La passion Air France
LE MONDE | 07.10.03 | 13h54 •


Née le 7 octobre 1933 au Bourget, Air France a 70 ans. Histoire d'un rêve, à travers quatre témoignages de personnels navigants qui l'ont vécu.
La saga d'Air France est d'abord une affaire de cœur, battant au rythme de fantasmes collectifs : affiches exotiques, tableau des départs promettant le bout du monde, annonces suaves pour des embarquements immédiats. Images de stars descendant la passerelle frappée du logo à l'hippocampe ailé - surnommé "la crevette" dans la maison. Bien qu'ils ne représentent qu'environ un quart des effectifs d'Air France - quelque 71 500 salariés, dont 53 500 employés au sol - les personnels navigants, techniques (PNT) ou commerciaux (PNC) - en uniformes d'opérette ou en tailleurs griffés et foulards Hermès - constituent la vitrine de la compagnie. Ainsi, au risque de renforcer les mythes, pour célébrer l'anniversaire de cette "machine à fabriquer des rêves et des légendes" - selon la formule de Philippe-Michel Thibault dans Le Roman d'Air France (Gallimard) -, c'est à quatre "chevaliers du ciel" d'hier et d'aujourd'hui que nous avons demandé d'évoquer leur vie dans les nuages.

LE PIONNIER

Il n'en reste qu'un, et c'est lui. Henri Roth, 98 ans et une belle vivacité d'esprit, est le dernier survivant des pilotes de Goliath Farman bimoteurs qui assuraient la ligne Paris-Londres au début des années 1930. Il est aussi le doyen des anciens commandants de bord d'Air France, compagnie qu'il a quittée en 1963, peu après l'arrivée des jets.

"C'est en 1922, à 17 ans, que je suis entré comme apprenti mécano à l'école Blériot, où je suis devenu élève pilote, sur le même type d'avion de chasse que Guynemer, raconte-t-il. En 1930, j'ai intégré la compagnie Air Union, qui, en 1933, a été fusionnée avec quatre autres afin de constituer Air France.
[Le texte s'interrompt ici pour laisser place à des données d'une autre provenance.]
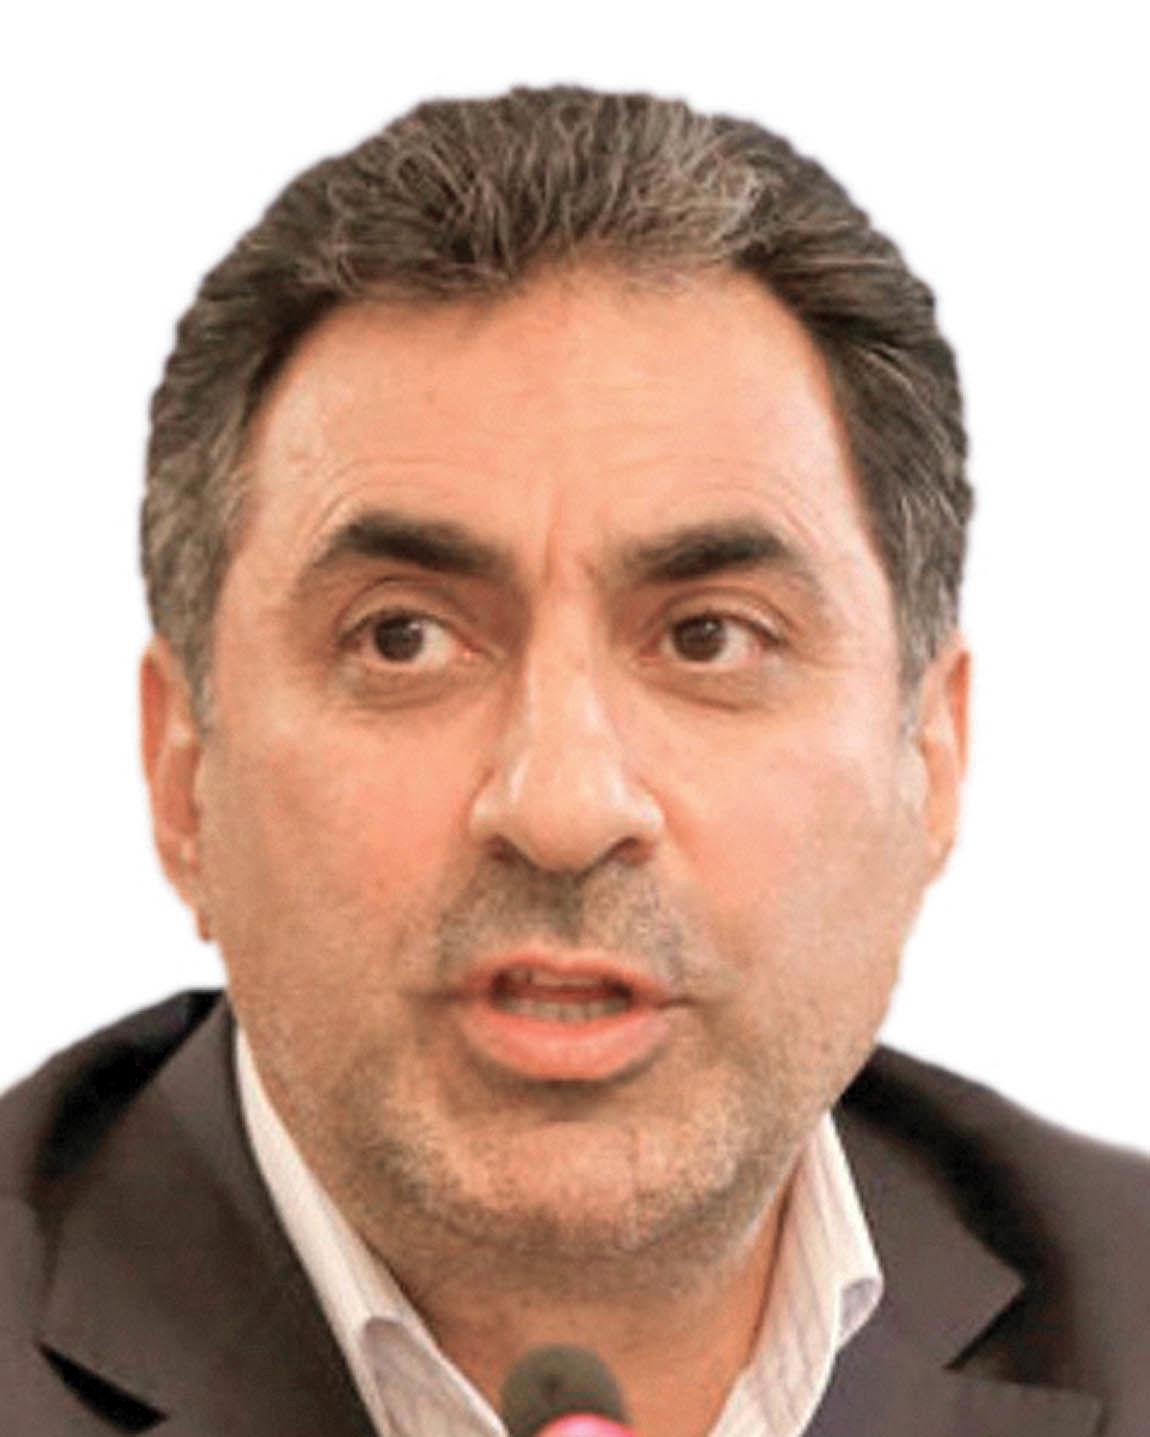 بازدید معاون وزیر از روند اجرایی پروژههای راهسازی استان خوزستان

Pour rejoindre Croydon depuis le Bourget, nous mettions environ 2 h 30, mais parfois beaucoup plus par vent debout. Les huit ou dix passagers étaient à l'abri et sur certains appareils, comme le Lioré et Olivier, ils étaient même installés autour de tables avec nappes blanches, vaisselle fine et bonnes bouteilles servis par les premiers barmen, mais, nous, nous pilotions à l'air libre et, malgré nos vêtements de cuir et nos bottes fourrées en peau de lapin, c'était parfois assez dur."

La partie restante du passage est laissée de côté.